Despite noise of Microsoft Azure nipping at their heels, AWS is still the undisputed King of the Cloud. Attendance at re:Invent was up around 10-15% YoY, a 10x increase since the first show 7 years ago! Amazon announced 77 new products and services – 20 alone just around Machine Learning (no surprise here since this has been a steady drumbeat from AWS over the past year). We also heard compelling stories from their Enterprise clients and I was glad to see Amazon moving to make AWS a more enterprise-friendly platform with new products like Control Tower.

A high point of the week was a dinner hosted by Tim Horan from Oppenheimer, where we discussed Cloud, Digital Transformation and the impacts of politics with industry experts. A key topic of conversation was what to make of Microsoft Azure’s gain in cloud market share over the past few years. AWS cloud market share has dropped from ~80% in 2016 to an estimated 63% in 2019, while Azure’s share has climbed from 16% to 28% over that same time period. When looking at Enterprise workloads the race is much tighter; a RightScale 2018 survey shows Azure adoption grew 35% YoY while AWS adoption in this group increased by 15%. But the Azure numbers are worth a closer look.

Microsoft buries its Azure revenues in a much larger pile of “Commercial Cloud” revenues that include Office 365. So, while Microsoft announced a 73% growth in Azure cloud revenue, it’s impossible to put a hard dollar to that number. Industry experts are in agreement that the lion’s share of Microsoft’s commercial cloud growth comes from Office 365. Therefore, it’s safe to assume that the majority of Enterprise workloads running on Azure are O365 which begs the question, “is this real digital transformation?”

In Roxane Googin’s article on July 25, 2019 in the High Technology Observer entitled “Reality v. MSFT: Real versus Fake Digital Transformations”, she concludes that “a true digital transformation is about more than replatforming existing operations. In fact, it does not happen by making ‘personal productivity’ better. Rather, it is about rethinking operations from the ground up from the customer point of view, typically using real-time ‘AI infused’ algorithms to replace annoying, time-consuming and unpredictable manual efforts.“

I’d argue that the shift from PC windows + office to O365 is merely a replatforming exercise to improve productivity. While this move can certainly help businesses reduce expenses by 20 to 30% and drive new revenues, it does not fundamentally alter the way a business operates or interacts with clients. Therefore, perhaps this change should be viewed as Digital Transformation “lipstick”. We do, however, have great examples of Real Digital Transformations; AWS re:Invent was full of transformational testimonials and, at RiskFocus, we are fortunate to be partnering with a number of firms that are also embarking on Real Digital Transformations. I’d like to highlight a couple below.

The first story is about a NY-based genomics company looking to re-invent healthcare. They understand that current healthcare providers use just a tiny portion of information from the human body and little or no environmental data to categorize a patient as either sick or well. They are building predictive patient health solutions leveraging a much richer, deeper and broader set of information.

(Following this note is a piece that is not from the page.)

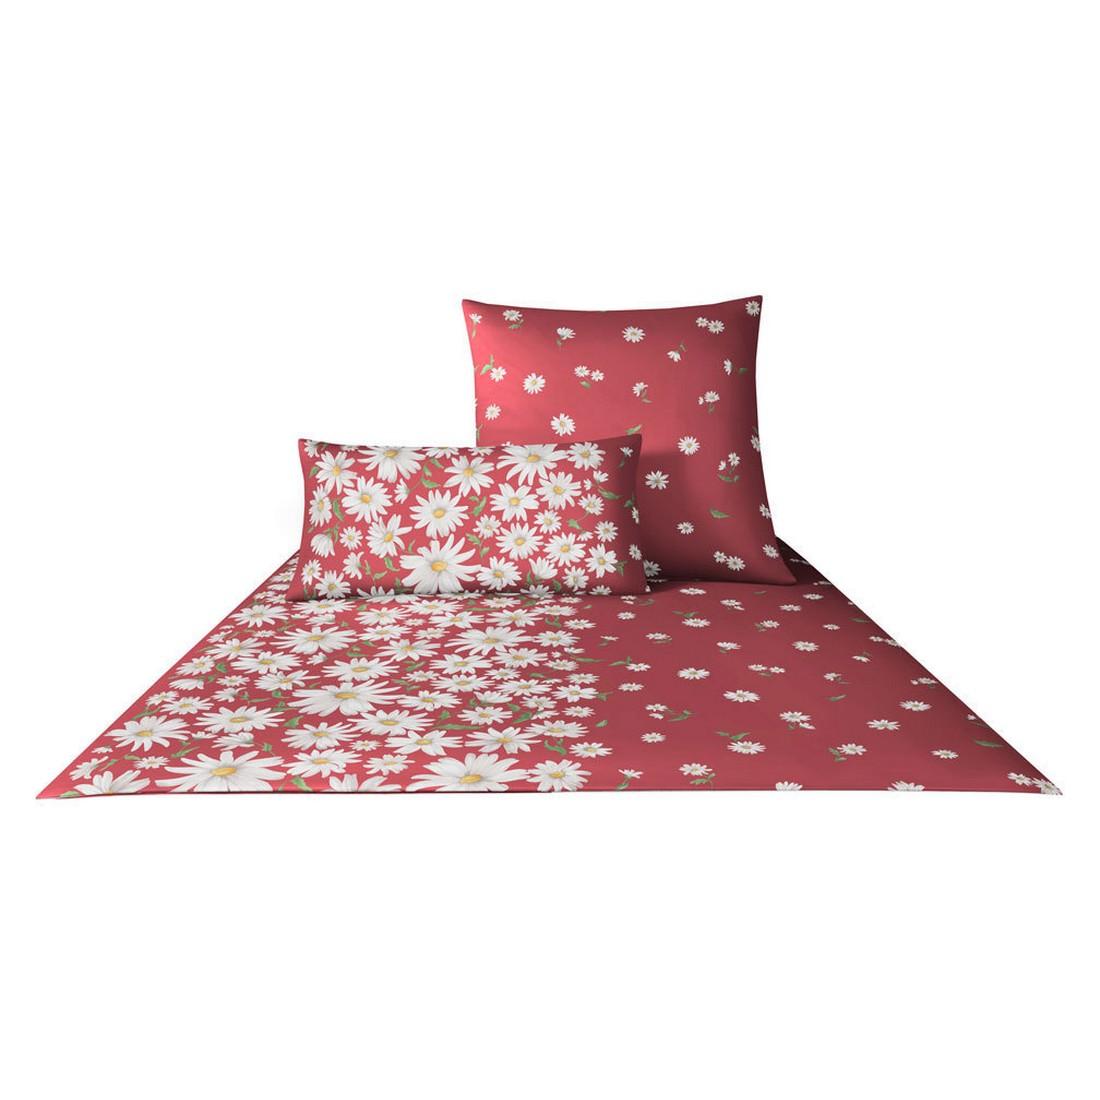 Bettwäsche Margaritha – Baumwolle/Jersey – Rot – 135×200 cm + 80×80 cm, elegante jetzt kaufen

To deliver on this mission they must unleash the power of the cloud; that is the only way they can meet the challenges presented by the scale, sensitivity and complexity of the data and sophistication of their probabilistic testing algorithms. They are not leveraging the cloud to run traditional health-care solutions, but re-inventing what healthcare looks like.

The second use case is an institutional, agency-model broker known for their technology-first approach. They were a FinTech company before the term existed. Sitting on years of institutional data consisting of 100s of petabytes of tick trade data, they are looking to harness the power of this information as a vehicle for changing how they do business. Leveraging a highly performant data lake and building sophisticated AI algorithms, the firm wants to crunch billions of records in seconds to deliver recommendations on trade completion strategies both for their internal consumers and ultimately in an “as a Service” offer. Once again, this is a mission that can only be tackled leveraging the scale and flexibility of the cloud.

Who wins? Do large, multi-national organizations have enough size and staying power that they can afford to take a “lift and shift” approach to the Cloud, replatforming their existing enterprise workloads and then taking a slow methodical approach to transformation? Or is the pressure from upstarts across every industry – the new HealthTechs and FinTechs – going to be so disruptive that the incumbents need to rethink their transformation strategy and partners?

The race is just beginning as, by most estimates, only 10-20% of workloads have moved to public cloud. Over the next two years we will reach a tipping point with more than half of all workloads predicted to be running in public cloud. Microsoft is well-positioned with Enterprises over this timeframe. However, if Amazon continues their pace of delivering innovative, disruptive services and couples that with their increased focus on Enterprise marketing and sales, expect them to retain the throne. One thing is certain, the rate of change will only continue to accelerate, and the winners won’t win by sitting still.

Consolidated Audit Trail (CAT) is live, what’s next?!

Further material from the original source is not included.